Option a is correct option
Now $x\in \left( (2n+1)\pi ,2n\pi +\dfrac{3\pi }{2} \right)$ means that x belongs to third quadrant as for n = 0 we have $x\in \left( \pi ,\dfrac{3\pi }{2} \right)$ . But in the third quadrant sin and cos are negative.
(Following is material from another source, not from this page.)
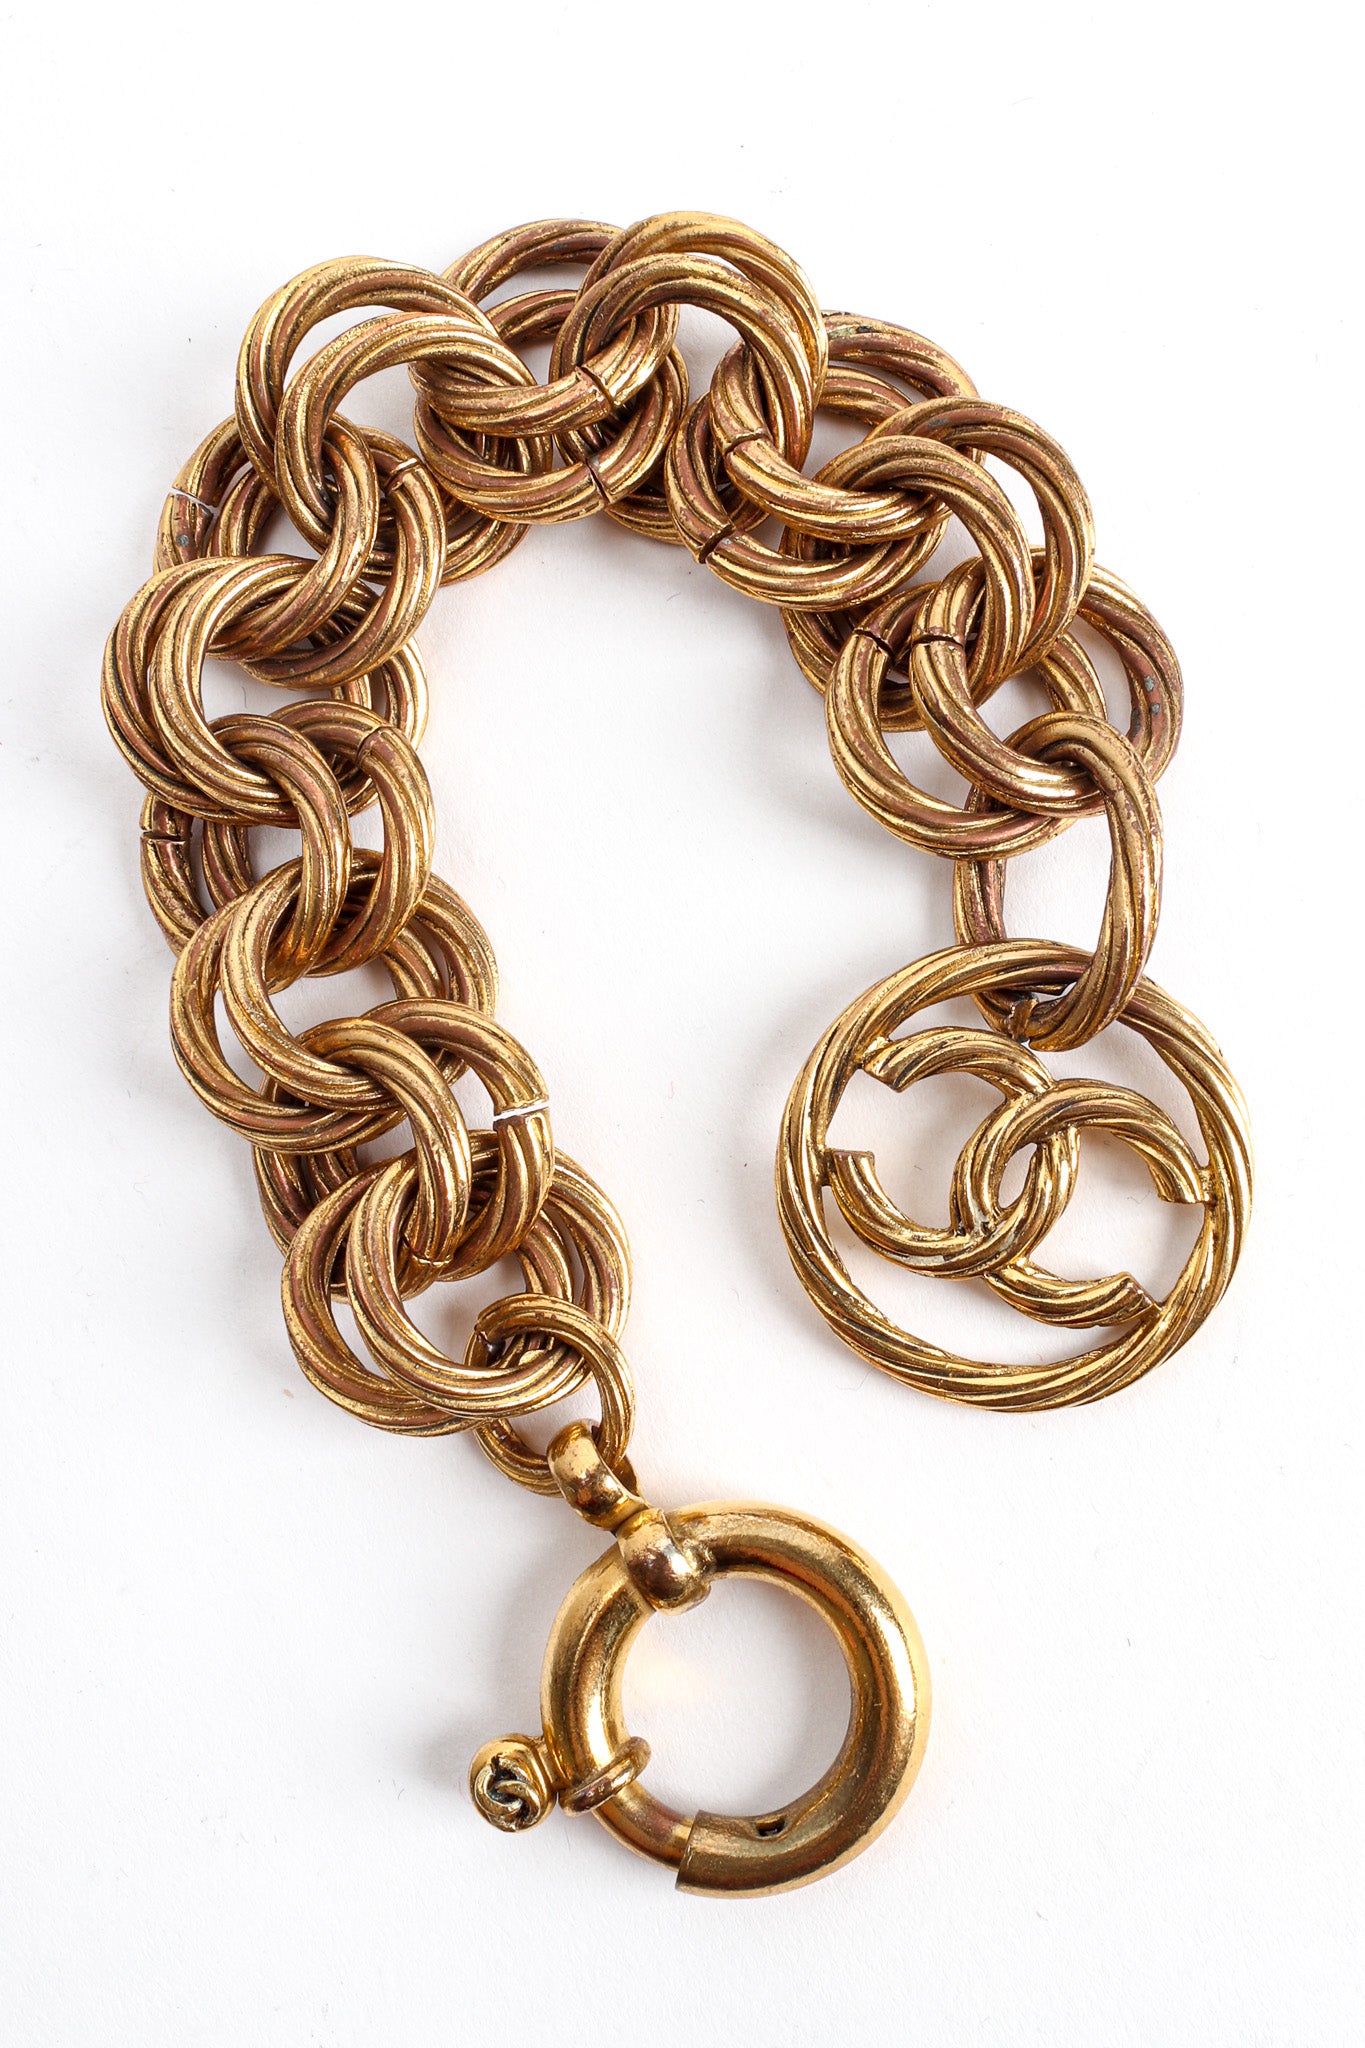 CHANEL, Jewelry, Chanel Turnlock Chain Link Bracelet

But from equation (4) and equation (5) we have sin and cos are positive
Hence, option b is incorrect
Now from equation (4) we have $\cos x=\dfrac{4}{3}$
We have a formula for $\cos 2x$ which is $\cos 2x=2{{\cos }^{2}}x-1$ applying this formula we get
$\begin{align}
  & \cos 2x=2{{\left( \dfrac{4}{3} \right)}^{2}}-1 \\
 & \cos 2x=2\left( \dfrac{16}{9} \right)-1 \\
 & =\dfrac{32}{9}-1 \\
 & =\dfrac{32-9}{9} \\
 & =\dfrac{23}{9} \\
\end{align}$
Hence option c is incorrect
Now let us check the value of $\tan \left( {{45}^{\circ }}-x \right)$
We know $\tan \left( a-b \right)=\dfrac{\tan a-\tan b}{1+\tan a\tan b}$ and $\tan {{45}^{\circ }}=1$
Hence we get $\tan \left( {{45}^{\circ }}-x \right)=\dfrac{\tan 45-\tan x}{1+\tan 45\tan x}$
$=\dfrac{1-\tan x}{1+\tan x}$
Now from equation (3) we get
$\begin{align}
  &\Rightarrow \tan \left( {{45}^{\circ }}-x \right)=\dfrac{1-\dfrac{3}{4}}{1+\dfrac{3}{4}} \\
 & \Rightarrow \tan \left( {{45}^{\circ }}-x \right)=\dfrac{\dfrac{4-3}{4}}{\dfrac{4+3}{4}} \\
 &\Rightarrow \tan \left( {{45}^{\circ }}-x \right)=\dfrac{1}{7} \\
\end{align}$
Hence option d is also correct.

So, the correct answer is “Option A and D”.

Note: note that the 1st quadrant consists of angle $\left( 0,\dfrac{\pi }{2} \right)$. But after 360° rotation we will arrive at the same angle hence all the multiples of 360° are added and we get 1st quadrant as $\left( 2n\pi ,2n\pi +\dfrac{\pi }{2} \right)$. Also $\cos 2x={{\cos }^{2}}x-{{\sin }^{2}}x$ and $\cos 2x=1-2{{\sin }^{2}}x$. Any of this formula can be used to find $\cos 2x$